Pass cm = &vnet_classify_main if calling this routine directly. Table
index specifies the table which receives the new session / contains
the session to delete depending on is_add.

Match is the key for the indicated session. It need not be aligned,
but it must be table->match_n_vectors*16 octets in length. As a
courtesy, vnet_classify_add_del_session applies the table's mask to
the stored key-value. In this way, one can create a session by passing
unmasked (packet_data + offset) as the "match" parameter, and end up
with unconfusing session keys. 

Specific classifier client nodes - for example,
.../vnet/vnet/classify/ip_classify.c - interpret the per-session
hit_next_index parameter as a vpp graph-node next index. When packet
classification produces a match, ip_classify_inline sends packets to
the indicated disposition.

ip4/6_classify place the per-session opaque_index parameter into
vnet_buffer(b)->l2_classify.opaque_index; a slight misnomer, but
anyhow classifier applications can send session-hit packets to
specific graph nodes, with useful values in buffer metadata. Depending
on the required semantics, we send known-session traffic to a certain
node, with e.g. a session pool index in buffer metadata. It's totally
up to the control-plane and the specific use-case.

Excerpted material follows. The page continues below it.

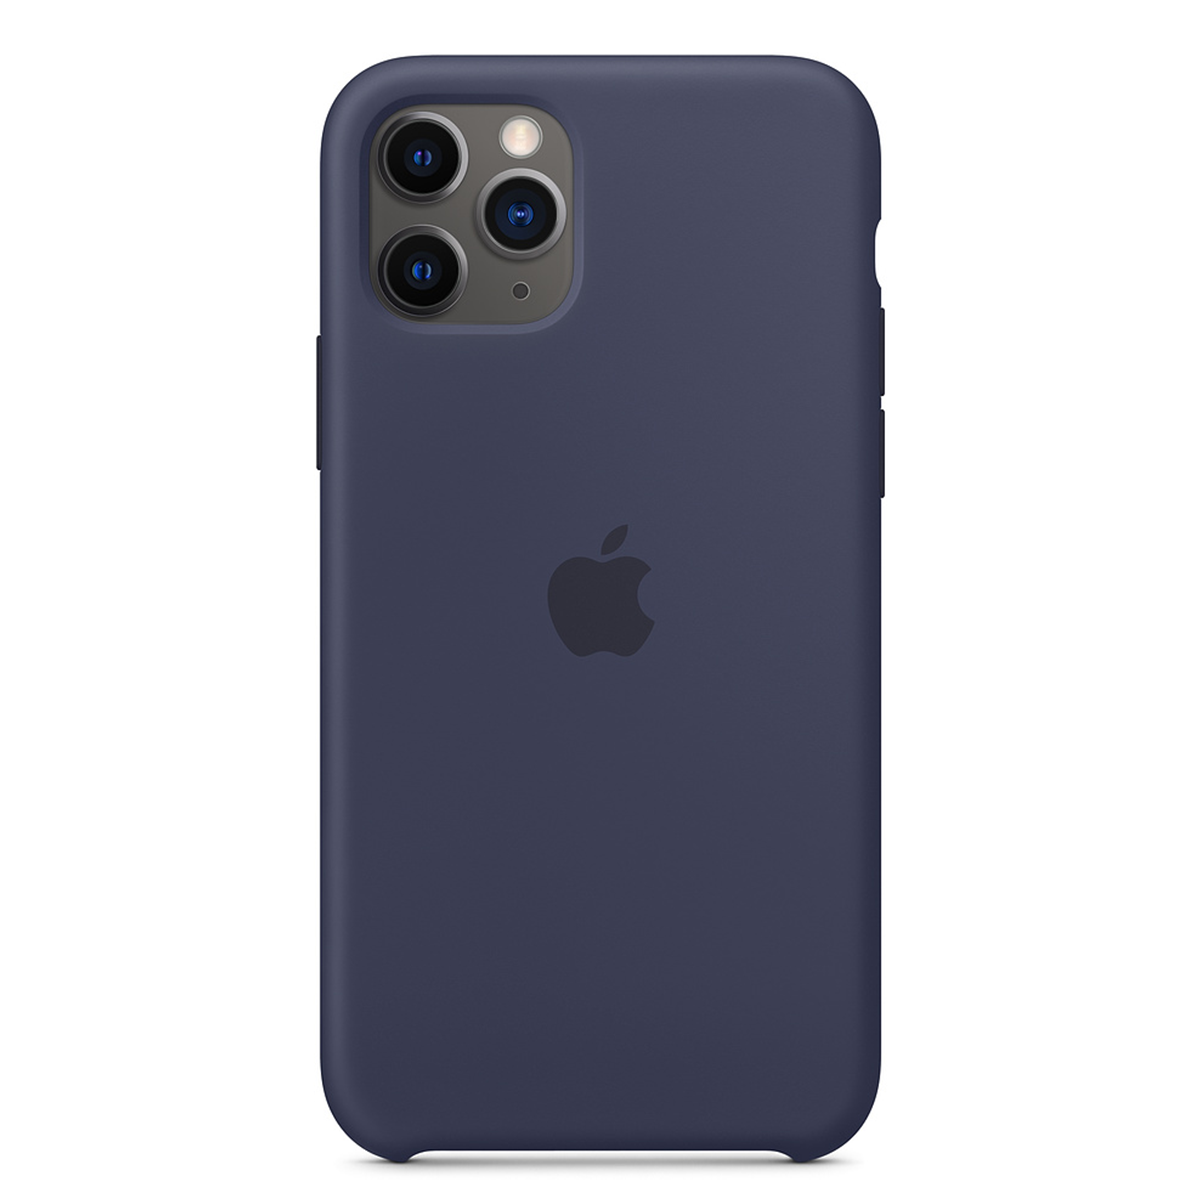 iPhone 11 Pro Silicone Case Midnight Blue

Finally, nodes such as ip4/6-classify apply the advance parameter as a
[signed!] argument to vlib_buffer_advance(...); to "consume" a
networking layer. Example: if we classify incoming tunneled IP packets
by (inner) source/dest address and source/dest port, we might choose
to decapsulate and reencapsulate the inner packet. In such a case,
program the advance parameter to perform the tunnel decapsulation, and
program next_index to send traffic to a node which uses
e.g. opaque_index to output traffic on a specific tunnel interface.